*** Opening of RECORDS SUPPLIED ***
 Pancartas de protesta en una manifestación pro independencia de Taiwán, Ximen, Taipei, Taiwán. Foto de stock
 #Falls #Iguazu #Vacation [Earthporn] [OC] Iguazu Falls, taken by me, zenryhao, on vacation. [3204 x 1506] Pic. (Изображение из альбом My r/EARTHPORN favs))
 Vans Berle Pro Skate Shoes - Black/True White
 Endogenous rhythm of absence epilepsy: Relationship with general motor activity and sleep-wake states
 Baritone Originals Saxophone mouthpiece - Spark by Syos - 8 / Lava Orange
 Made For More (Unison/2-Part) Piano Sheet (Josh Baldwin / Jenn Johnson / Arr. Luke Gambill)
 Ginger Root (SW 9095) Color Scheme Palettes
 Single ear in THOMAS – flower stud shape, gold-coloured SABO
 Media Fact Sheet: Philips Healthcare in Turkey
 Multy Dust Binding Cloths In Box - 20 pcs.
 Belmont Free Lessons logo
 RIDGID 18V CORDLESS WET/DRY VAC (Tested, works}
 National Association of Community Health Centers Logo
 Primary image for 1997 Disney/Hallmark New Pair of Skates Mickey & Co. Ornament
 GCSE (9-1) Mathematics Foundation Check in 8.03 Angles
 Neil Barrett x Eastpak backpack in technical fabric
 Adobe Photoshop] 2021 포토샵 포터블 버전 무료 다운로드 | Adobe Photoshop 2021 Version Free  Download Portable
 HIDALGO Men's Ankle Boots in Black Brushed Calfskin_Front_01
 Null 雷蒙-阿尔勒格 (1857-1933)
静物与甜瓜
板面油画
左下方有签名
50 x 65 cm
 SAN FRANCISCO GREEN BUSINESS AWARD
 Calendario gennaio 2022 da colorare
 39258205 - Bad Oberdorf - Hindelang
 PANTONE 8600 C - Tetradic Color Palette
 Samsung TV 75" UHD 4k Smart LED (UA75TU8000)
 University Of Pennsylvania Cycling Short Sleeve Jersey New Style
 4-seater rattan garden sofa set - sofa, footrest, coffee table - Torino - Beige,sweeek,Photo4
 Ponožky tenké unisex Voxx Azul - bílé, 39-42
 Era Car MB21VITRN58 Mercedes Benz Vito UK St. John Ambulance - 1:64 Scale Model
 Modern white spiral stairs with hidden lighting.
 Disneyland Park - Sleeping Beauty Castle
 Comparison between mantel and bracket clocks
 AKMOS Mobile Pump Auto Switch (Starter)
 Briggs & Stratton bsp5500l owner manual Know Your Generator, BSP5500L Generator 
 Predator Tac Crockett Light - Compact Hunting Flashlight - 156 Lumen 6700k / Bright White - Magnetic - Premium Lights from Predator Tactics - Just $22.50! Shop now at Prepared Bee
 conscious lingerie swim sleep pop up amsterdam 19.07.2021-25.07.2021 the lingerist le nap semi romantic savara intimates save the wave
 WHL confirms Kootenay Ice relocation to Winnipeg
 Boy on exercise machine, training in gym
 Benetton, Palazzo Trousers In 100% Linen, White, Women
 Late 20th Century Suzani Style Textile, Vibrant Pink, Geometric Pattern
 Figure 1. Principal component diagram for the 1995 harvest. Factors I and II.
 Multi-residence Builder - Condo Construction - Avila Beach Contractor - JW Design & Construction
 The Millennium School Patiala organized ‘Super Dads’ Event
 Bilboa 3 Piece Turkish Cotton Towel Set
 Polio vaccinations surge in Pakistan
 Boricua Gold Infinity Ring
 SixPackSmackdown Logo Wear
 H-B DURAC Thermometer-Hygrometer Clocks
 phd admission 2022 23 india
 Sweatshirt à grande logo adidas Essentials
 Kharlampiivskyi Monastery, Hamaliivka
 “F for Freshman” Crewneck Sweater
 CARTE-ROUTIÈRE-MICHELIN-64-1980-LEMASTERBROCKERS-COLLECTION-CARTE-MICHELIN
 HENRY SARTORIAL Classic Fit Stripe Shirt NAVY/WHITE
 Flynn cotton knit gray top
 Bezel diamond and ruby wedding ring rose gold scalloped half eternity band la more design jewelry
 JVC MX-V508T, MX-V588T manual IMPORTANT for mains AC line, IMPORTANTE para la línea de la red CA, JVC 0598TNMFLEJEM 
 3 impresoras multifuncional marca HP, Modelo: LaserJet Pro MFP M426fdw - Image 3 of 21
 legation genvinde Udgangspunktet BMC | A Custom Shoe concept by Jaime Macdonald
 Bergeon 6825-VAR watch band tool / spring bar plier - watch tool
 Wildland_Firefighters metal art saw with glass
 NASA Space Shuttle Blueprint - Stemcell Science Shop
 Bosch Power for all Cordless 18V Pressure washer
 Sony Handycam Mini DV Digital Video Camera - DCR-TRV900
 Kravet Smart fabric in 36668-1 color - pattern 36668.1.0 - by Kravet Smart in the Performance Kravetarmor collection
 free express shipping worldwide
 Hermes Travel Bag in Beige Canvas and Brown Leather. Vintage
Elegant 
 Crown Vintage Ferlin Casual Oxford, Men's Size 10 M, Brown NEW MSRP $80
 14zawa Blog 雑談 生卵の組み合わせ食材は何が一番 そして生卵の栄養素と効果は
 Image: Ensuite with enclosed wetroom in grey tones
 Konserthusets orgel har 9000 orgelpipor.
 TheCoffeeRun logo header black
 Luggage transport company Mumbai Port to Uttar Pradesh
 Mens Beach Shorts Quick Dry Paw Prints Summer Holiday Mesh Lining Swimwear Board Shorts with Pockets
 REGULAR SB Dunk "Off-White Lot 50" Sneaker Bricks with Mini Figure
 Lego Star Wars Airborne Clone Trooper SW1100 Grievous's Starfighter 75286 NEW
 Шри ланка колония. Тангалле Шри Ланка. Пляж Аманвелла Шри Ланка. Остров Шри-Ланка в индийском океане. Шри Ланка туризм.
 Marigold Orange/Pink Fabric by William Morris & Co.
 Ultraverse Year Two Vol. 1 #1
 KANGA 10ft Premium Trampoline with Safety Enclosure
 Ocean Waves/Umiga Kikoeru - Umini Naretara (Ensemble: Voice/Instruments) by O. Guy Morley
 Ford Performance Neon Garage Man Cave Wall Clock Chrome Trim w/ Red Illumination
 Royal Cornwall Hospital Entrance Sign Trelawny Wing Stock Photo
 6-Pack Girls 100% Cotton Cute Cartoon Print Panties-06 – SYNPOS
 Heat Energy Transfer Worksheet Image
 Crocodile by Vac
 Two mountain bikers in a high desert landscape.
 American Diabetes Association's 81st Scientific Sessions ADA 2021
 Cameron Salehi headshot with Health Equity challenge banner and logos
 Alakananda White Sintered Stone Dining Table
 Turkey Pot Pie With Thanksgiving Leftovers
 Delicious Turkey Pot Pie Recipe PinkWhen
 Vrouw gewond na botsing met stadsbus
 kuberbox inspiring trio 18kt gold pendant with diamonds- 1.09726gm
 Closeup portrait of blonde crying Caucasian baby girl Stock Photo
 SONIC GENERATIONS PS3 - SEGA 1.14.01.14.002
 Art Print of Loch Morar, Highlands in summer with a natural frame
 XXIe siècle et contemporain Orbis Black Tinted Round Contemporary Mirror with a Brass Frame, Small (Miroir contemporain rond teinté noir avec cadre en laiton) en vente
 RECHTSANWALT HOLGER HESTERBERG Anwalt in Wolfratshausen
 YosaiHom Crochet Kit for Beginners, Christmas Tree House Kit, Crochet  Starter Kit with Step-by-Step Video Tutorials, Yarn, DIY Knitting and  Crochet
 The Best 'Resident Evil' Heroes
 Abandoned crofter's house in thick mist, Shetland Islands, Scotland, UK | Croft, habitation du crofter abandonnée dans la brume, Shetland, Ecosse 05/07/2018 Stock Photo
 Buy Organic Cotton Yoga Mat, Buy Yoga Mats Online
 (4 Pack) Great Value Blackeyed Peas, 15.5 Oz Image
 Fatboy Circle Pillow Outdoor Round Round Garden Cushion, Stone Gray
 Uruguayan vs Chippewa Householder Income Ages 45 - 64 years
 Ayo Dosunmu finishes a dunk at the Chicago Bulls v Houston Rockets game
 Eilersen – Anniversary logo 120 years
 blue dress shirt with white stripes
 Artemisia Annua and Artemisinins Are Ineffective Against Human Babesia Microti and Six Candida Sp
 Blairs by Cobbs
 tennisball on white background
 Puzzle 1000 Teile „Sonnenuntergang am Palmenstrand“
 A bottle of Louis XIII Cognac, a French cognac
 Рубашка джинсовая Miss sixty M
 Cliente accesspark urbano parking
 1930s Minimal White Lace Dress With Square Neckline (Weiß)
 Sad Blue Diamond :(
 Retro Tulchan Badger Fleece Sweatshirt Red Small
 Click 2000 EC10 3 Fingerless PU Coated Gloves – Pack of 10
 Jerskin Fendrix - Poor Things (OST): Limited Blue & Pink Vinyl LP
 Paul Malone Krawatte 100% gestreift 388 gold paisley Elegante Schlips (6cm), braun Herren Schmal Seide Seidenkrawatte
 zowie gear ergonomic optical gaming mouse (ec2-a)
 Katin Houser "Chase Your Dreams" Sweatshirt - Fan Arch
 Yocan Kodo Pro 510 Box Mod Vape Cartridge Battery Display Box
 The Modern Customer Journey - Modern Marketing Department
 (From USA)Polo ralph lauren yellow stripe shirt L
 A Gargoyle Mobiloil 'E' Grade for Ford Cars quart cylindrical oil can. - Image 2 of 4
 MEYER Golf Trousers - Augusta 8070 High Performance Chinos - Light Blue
*** Close of RECORDS SUPPLIED ***
=== TASK PROMPT ===
An exact copy of the lines above, from the one containing "Sony Handycam Mini" through the one containing "Vrouw gewond na botsing met stadsbus", is the whole of the answer.

=== PROBLEM SOLUTION ===
 Sony Handycam Mini DV Digital Video Camera - DCR-TRV900
 Kravet Smart fabric in 36668-1 color - pattern 36668.1.0 - by Kravet Smart in the Performance Kravetarmor collection
 free express shipping worldwide
 Hermes Travel Bag in Beige Canvas and Brown Leather. Vintage
Elegant 
 Crown Vintage Ferlin Casual Oxford, Men's Size 10 M, Brown NEW MSRP $80
 14zawa Blog 雑談 生卵の組み合わせ食材は何が一番 そして生卵の栄養素と効果は
 Image: Ensuite with enclosed wetroom in grey tones
 Konserthusets orgel har 9000 orgelpipor.
 TheCoffeeRun logo header black
 Luggage transport company Mumbai Port to Uttar Pradesh
 Mens Beach Shorts Quick Dry Paw Prints Summer Holiday Mesh Lining Swimwear Board Shorts with Pockets
 REGULAR SB Dunk "Off-White Lot 50" Sneaker Bricks with Mini Figure
 Lego Star Wars Airborne Clone Trooper SW1100 Grievous's Starfighter 75286 NEW
 Шри ланка колония. Тангалле Шри Ланка. Пляж Аманвелла Шри Ланка. Остров Шри-Ланка в индийском океане. Шри Ланка туризм.
 Marigold Orange/Pink Fabric by William Morris & Co.
 Ultraverse Year Two Vol. 1 #1
 KANGA 10ft Premium Trampoline with Safety Enclosure
 Ocean Waves/Umiga Kikoeru - Umini Naretara (Ensemble: Voice/Instruments) by O. Guy Morley
 Ford Performance Neon Garage Man Cave Wall Clock Chrome Trim w/ Red Illumination
 Royal Cornwall Hospital Entrance Sign Trelawny Wing Stock Photo
 6-Pack Girls 100% Cotton Cute Cartoon Print Panties-06 – SYNPOS
 Heat Energy Transfer Worksheet Image
 Crocodile by Vac
 Two mountain bikers in a high desert landscape.
 American Diabetes Association's 81st Scientific Sessions ADA 2021
 Cameron Salehi headshot with Health Equity challenge banner and logos
 Alakananda White Sintered Stone Dining Table
 Turkey Pot Pie With Thanksgiving Leftovers
 Delicious Turkey Pot Pie Recipe PinkWhen
 Vrouw gewond na botsing met stadsbus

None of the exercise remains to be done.